━━━ Data below
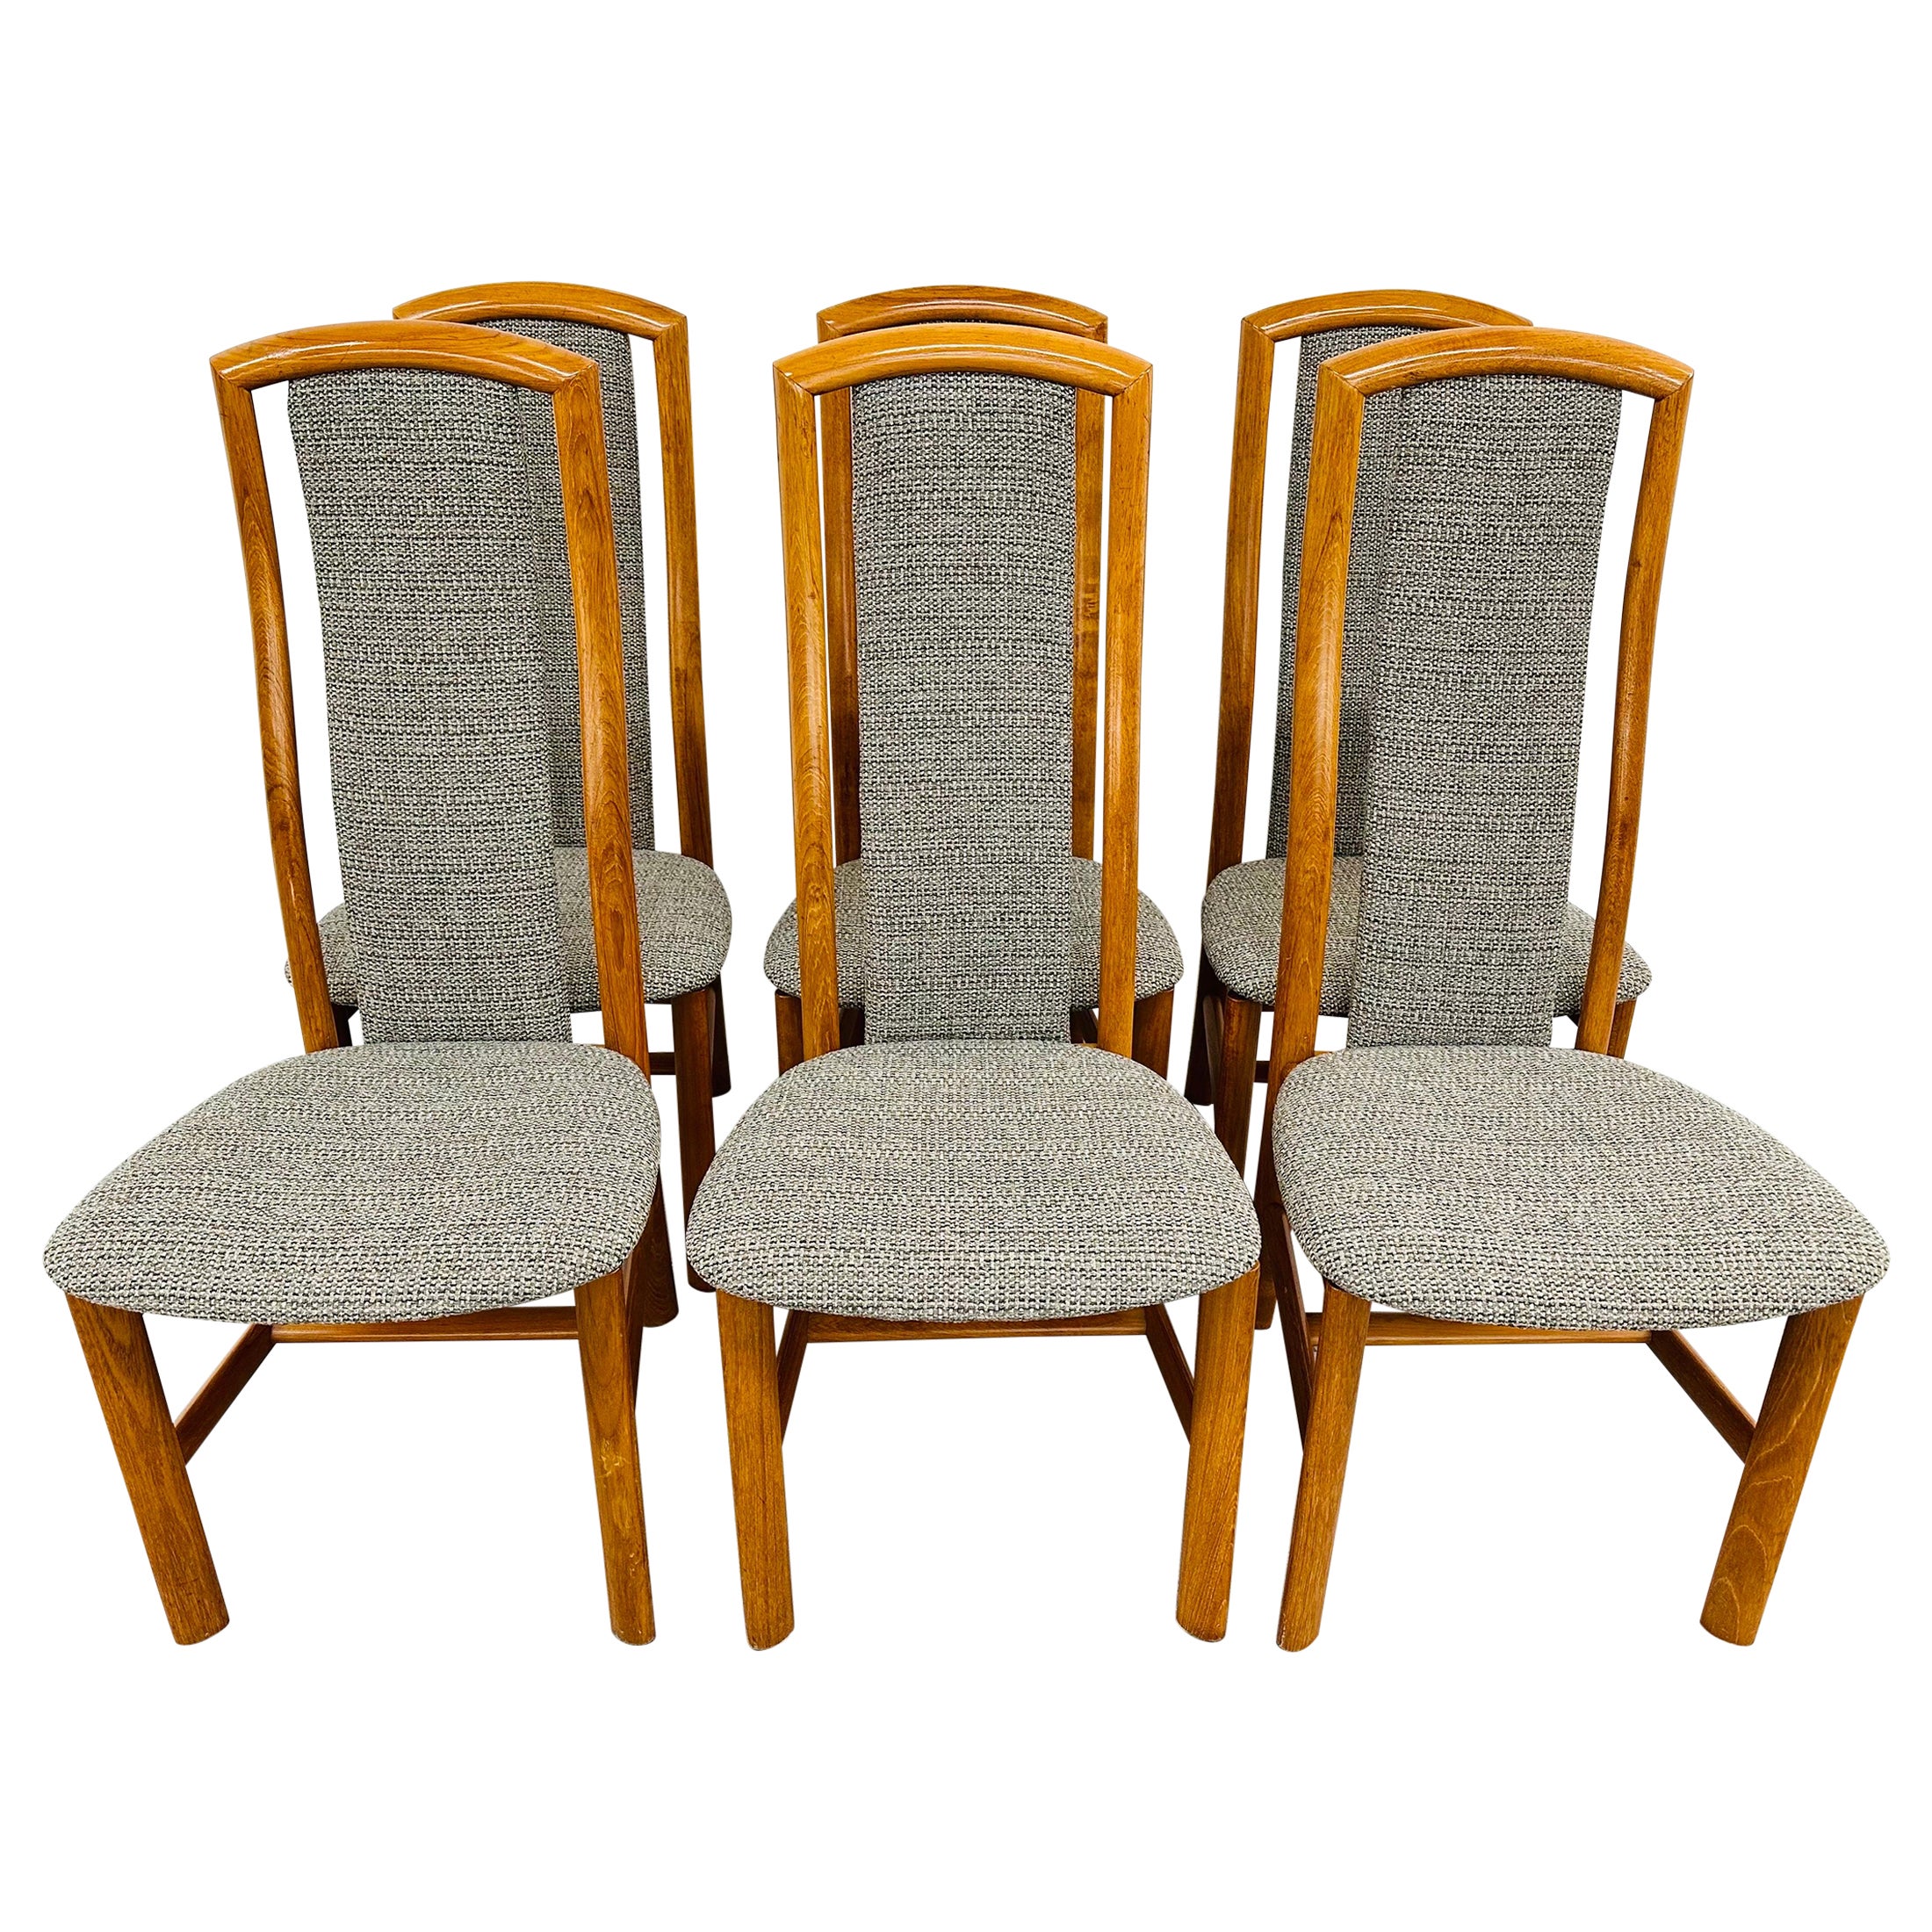 Vintage Danish Modern Teak Dining Chairs - Set of 6 For Sale
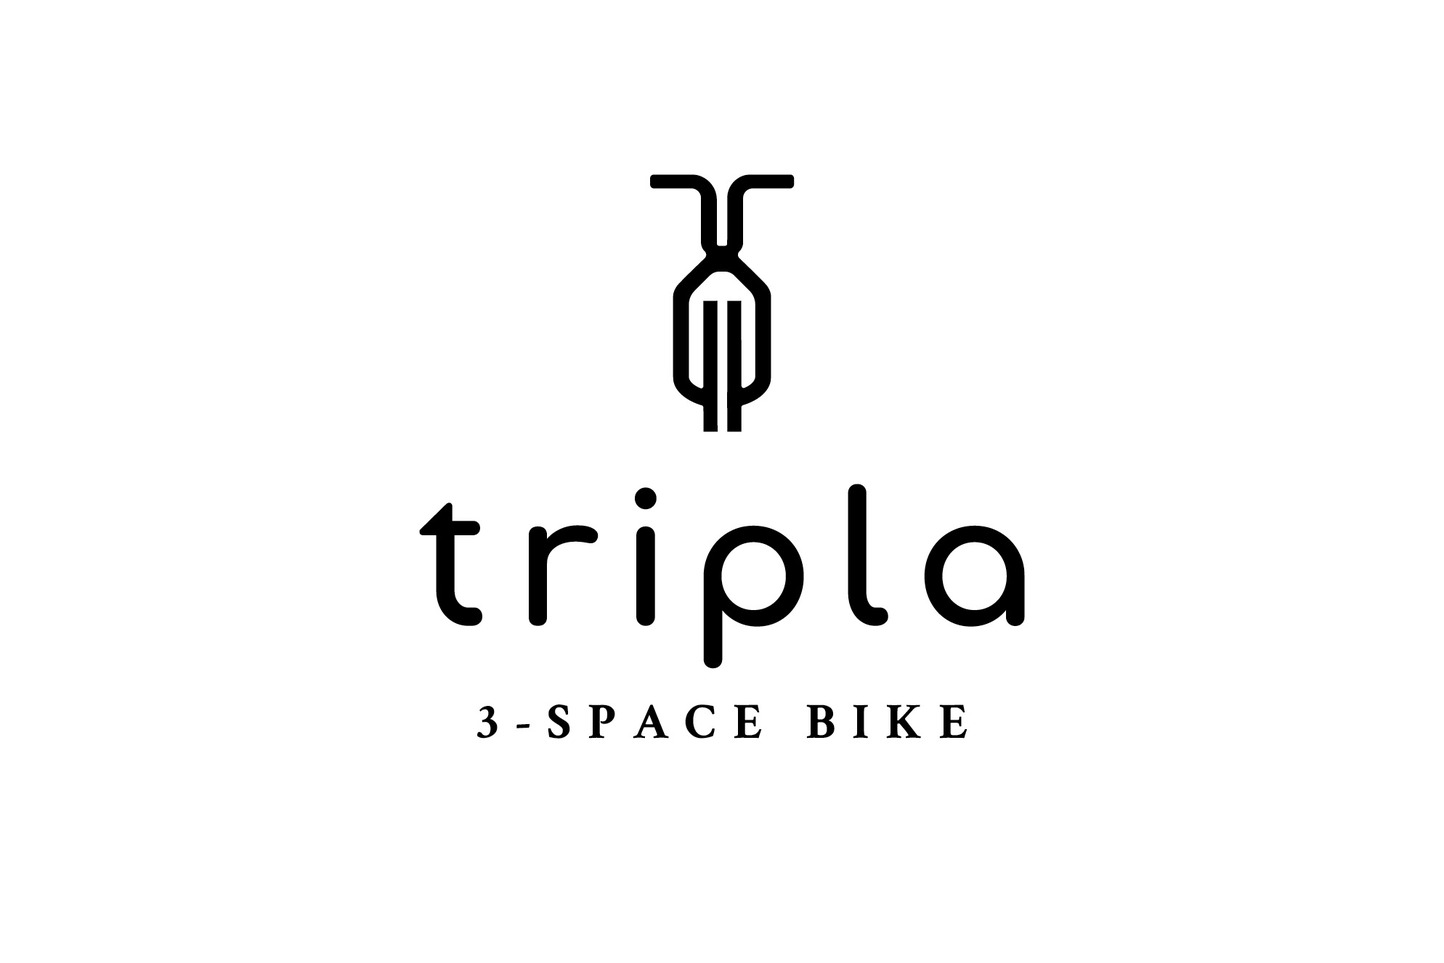 New brand
Tripla 3-Space Bike
━━━━━━
__Problem to work on__.
Transcribe the listing above in full and exactly; no pictures belong in the copy.

__Written answer__.
 Vintage Danish Modern Teak Dining Chairs - Set of 6 For Sale
 New brand
Tripla 3-Space Bike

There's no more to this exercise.